Nan Shan Life Insurance Co (南山人壽), a local subsidiary of the financially troubled American International Group Inc (AIG), said yesterday it would not rule out selling part of its shares to lure strategic investors, a Chinese-language newspaper reported yesterday.
However, New York-based AIG’s insistence on retaining control over Nan Shan’s operations could discourage potential investors, the United Evening News reported, without citing sources.
The troubled US company is reportedly planning to sell part of its 95-percent holding in Nan Shan, which has been operating in Taiwan for more than 40 years.
Nan Shan is the second-largest life insurer in Taiwan by gross premiums, behind Cathay Life Insurance Co (國泰人壽).
Early last month, Nan Shan’s board of directors approved a plan to raise NT$47.2 billion (US$1.44 billion) in capital.
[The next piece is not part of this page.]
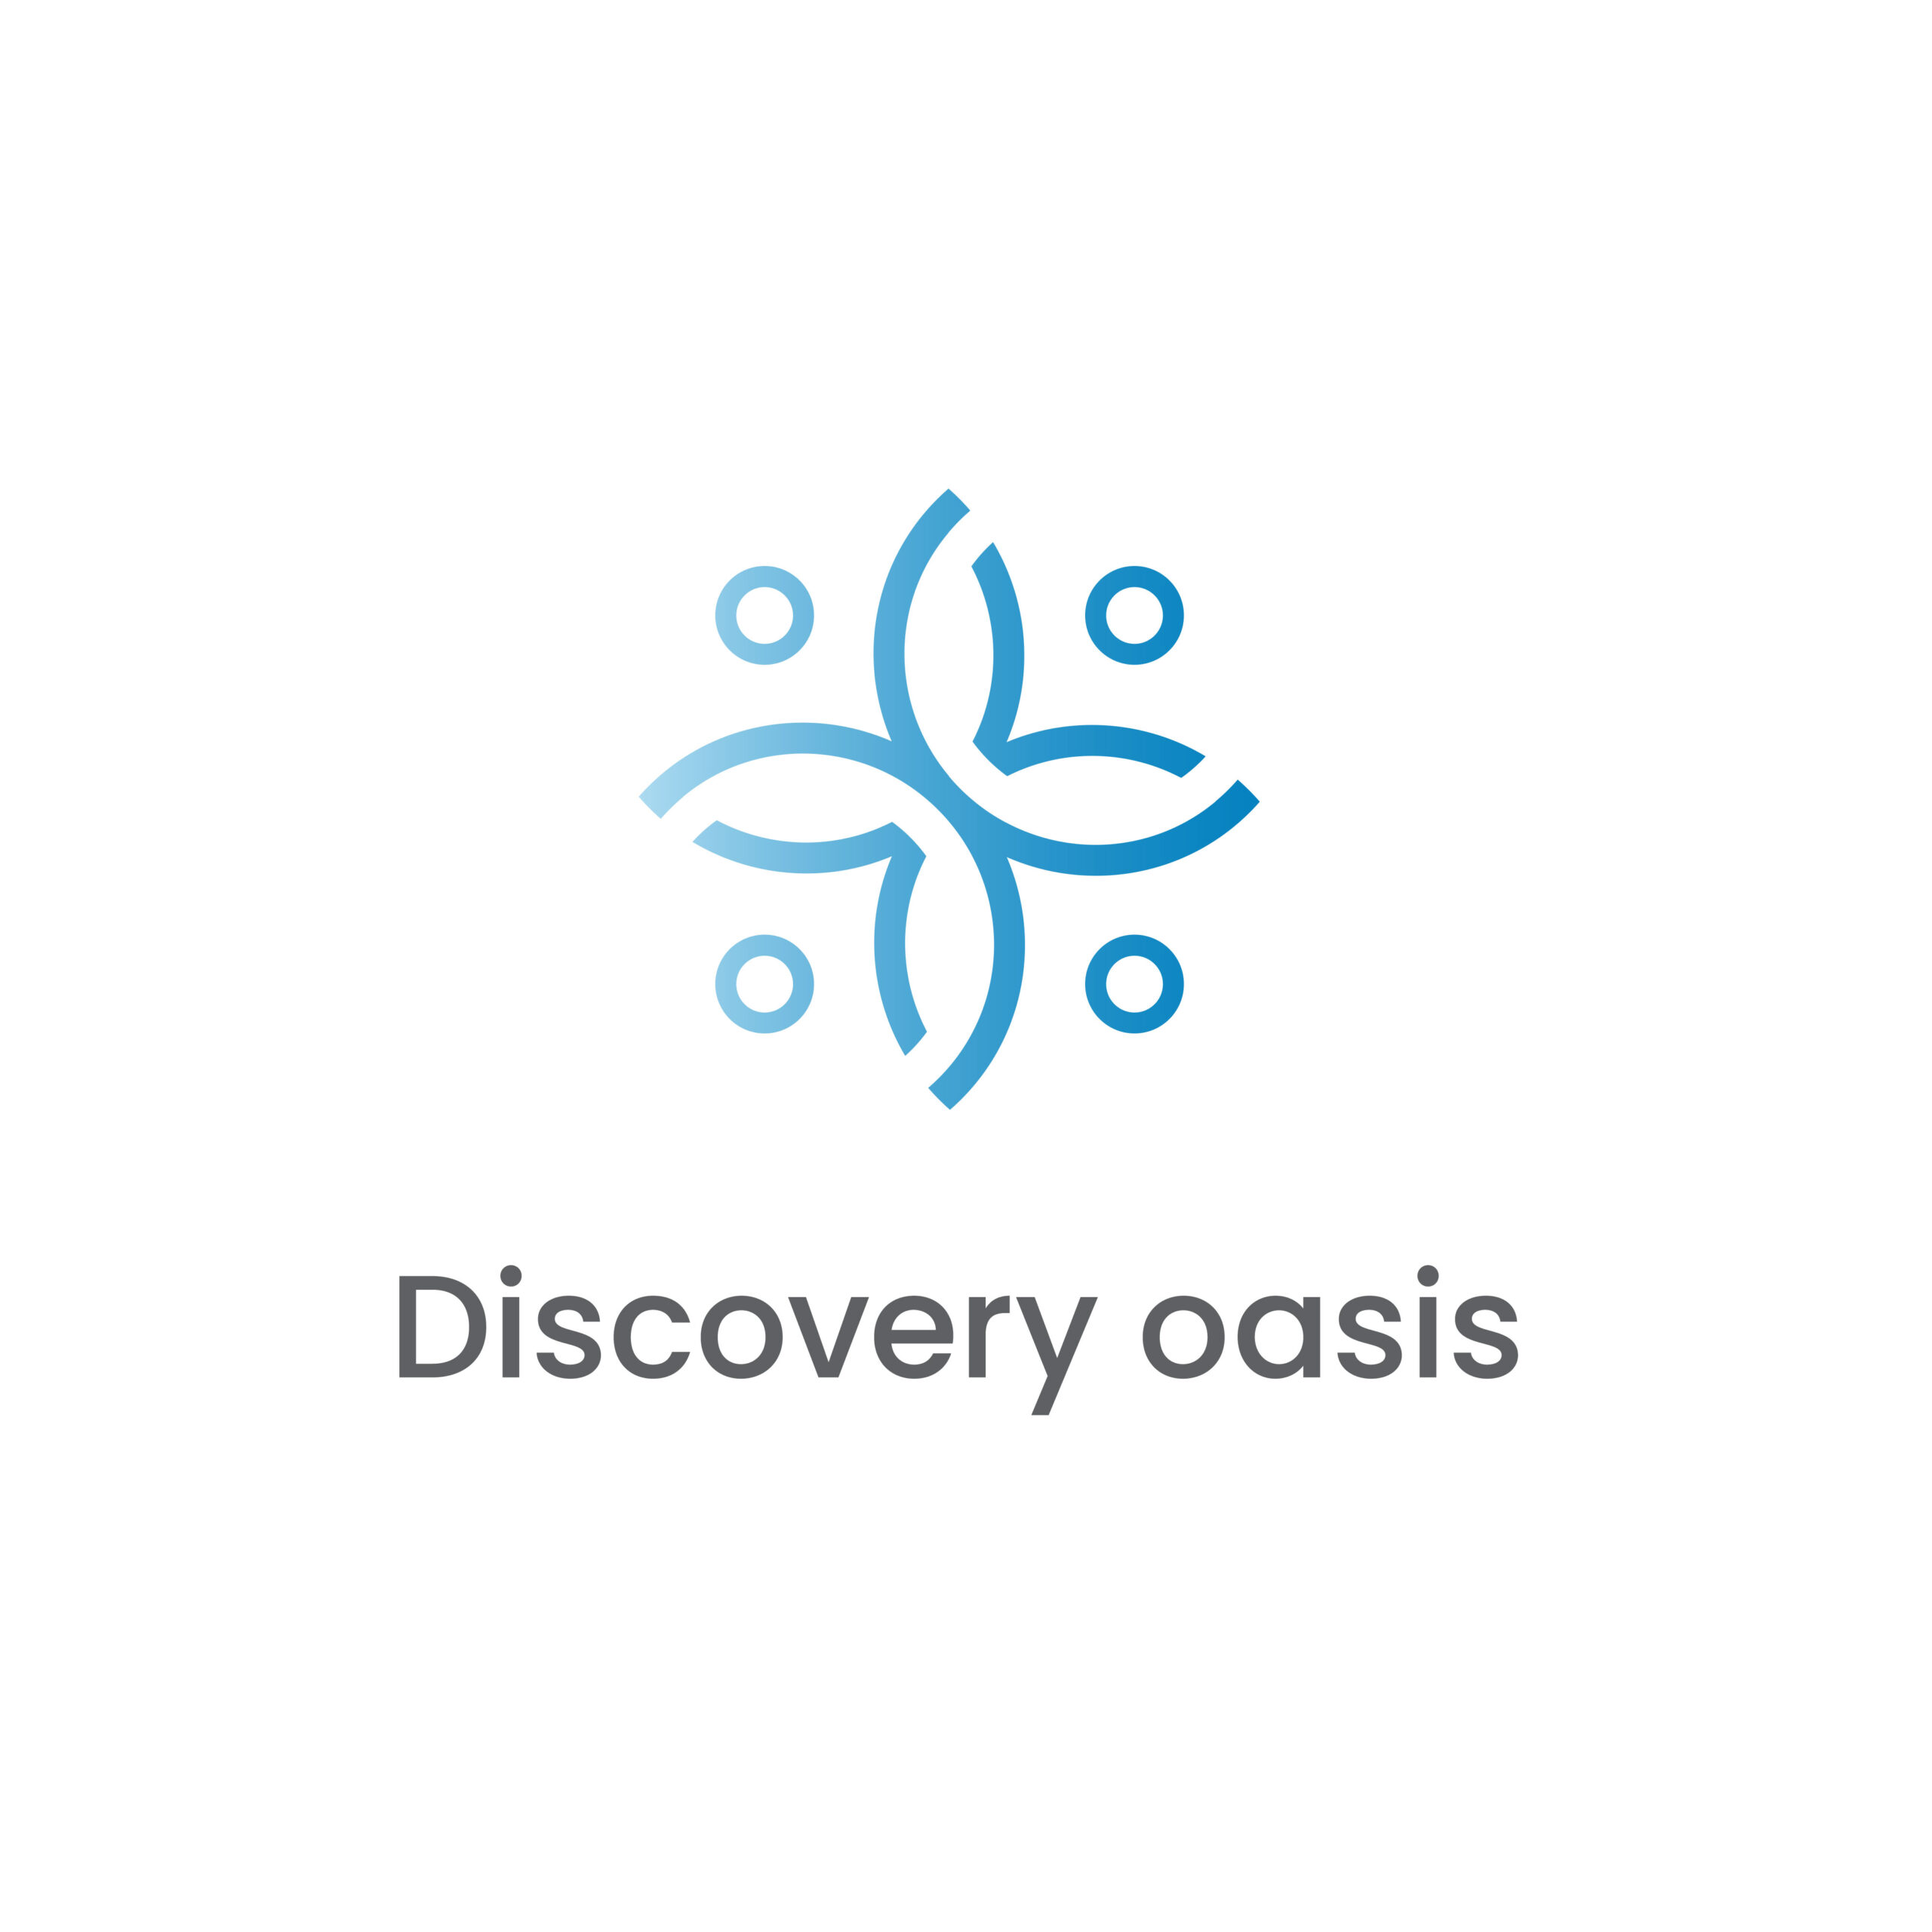 Discovery-oasis-logo-variations-04

Under the plan, AIG agreed to inject around NT$45 billion into Nan Shan and was expected to begin making the funds available yesterday, Nan Shan vice president April Pan (潘玲嬌) said.
Another Chinese-language newspaper reported earlier yesterday that several investment banks recently approached potential buyers on behalf of AIG.
These potential investors included Cathay Financial Holding Co (國泰金控), Fubon Financial Holding Co (富邦金控), Shin Kong Financial Holding Co (新光金控) and Mega Financial Holding Co (兆豐金控), the Economic Daily News reported, citing unnamed sources.
However, some of these local financial institutions, which already have life insurance subsidiaries, denied being interested in purchasing Nan Shan. Others said they found it hard to meet AIG’s demand as they would not like to buy Nan Shan without obtaining control over the company’s board, the reports said. Hence, it is more likely that companies or conglomerates that are not involved in the insurance business would show an interest in buying Nan Shan.
Industry experts said there are very few local life insurers other than Cathay Life and Shin Kong Life that have the capability to take over Nan Shan given its size. However, both Cathay Life and Shin Kong Life would have difficulty integrating Nan Shan because of overlapping business and distribution channels.
Shin Kong Financial Holding Co (新光金控) president Victor Hsu (許澎)told investors on a conference call on Thursday that Shin Kong Life had no plans to buy Nan Shan at the moment.
Hsu said Nan Shan’s most valuable asset was its local distribution channels and sales network, but they overlap with those of Shin Kong.
The only advantage in buying Nan Shan would be to increase Shin Kong’s business scale, which is not needed at the moment, he said.
PCA Life Assurance Co (保誠人壽), a local life insurance arm of the London-based financial services company Prudential PLC, declined to comment on rumors that it was interested in buying Nan Shan, saying it had not heard anything from its parent company.